Vogliono violentarli, per mostrare il loro dominio sociale e culturale. Questa storia non ci parla quindi di condanna dell’omosessualità: è una storia di stupro e inospitalità. In altri testi biblici (Ezechiele 16:49 e Luca 17:28-29) il peccato di Sodoma non è identificato come omosessualità, ma orgoglio, incapacità d’aiutare i poveri, mancanza d’ospitalità verso gli stranieri.
Libro del Levitico, 18:22: “Non giacerai con uomo come giaci con una donna, è un abominio.

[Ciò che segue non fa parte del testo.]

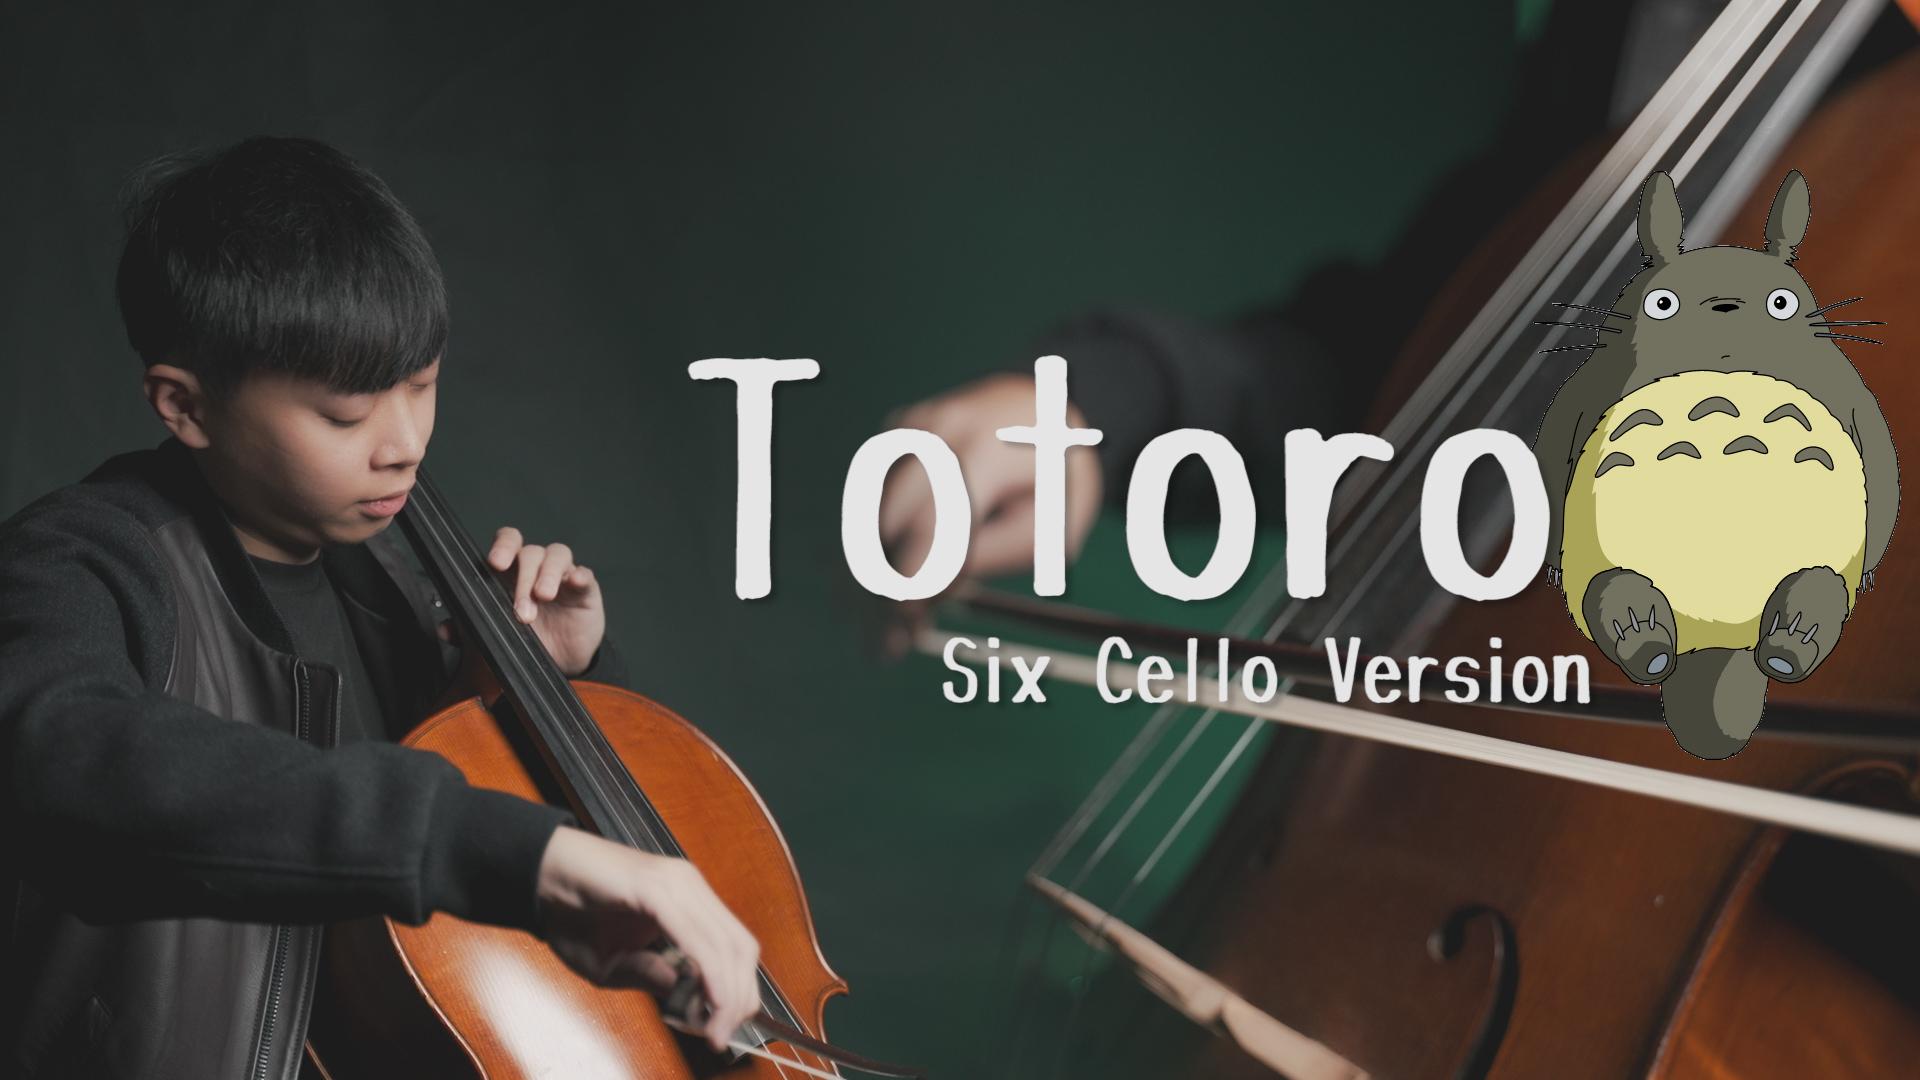 Totoro Theme  《龍貓主題曲》 宮崎駿動畫 - 久石讓   大提琴六重奏  Cello Sextet 『Cover by YoYo Cello』

L’uomo che giace con uomo come giace con una donna commette un abominio, devono morire, il loro sangue ricadrà su di loro.”
Questi versetti fanno parte del codice di comportamenti morali previsti dal Levitico, un tentativo di determinare regole di comportamento diverse da quelle degli altri popoli mediterranei. Alla luce di quanto abbiamo già detto diventa chiaro che il divieto continuo di rapporti tra uomini era un tentativo di preservare l’armonia all’interno della comunità maschile d’Israele, non permettendo agli uomini di stabilire rapporti basati sul dominio o sulla sottomissione. Non si parla di relazioni d’amore tra persone dello stesso sesso.
Scritti di San Paolo
Prima lettera ai Corinzi, 6:9-10: “Non sapete che gli ingiusti non erediteranno il regno di Dio? Non illudetevi, né impudici, né idolatri, né adulteri, né depravati, né persone dai costumi infami, né ladri, né cupidi, né ubriaconi, né persone che insultano gli altri, né rapaci erediteranno il regno di Dio.”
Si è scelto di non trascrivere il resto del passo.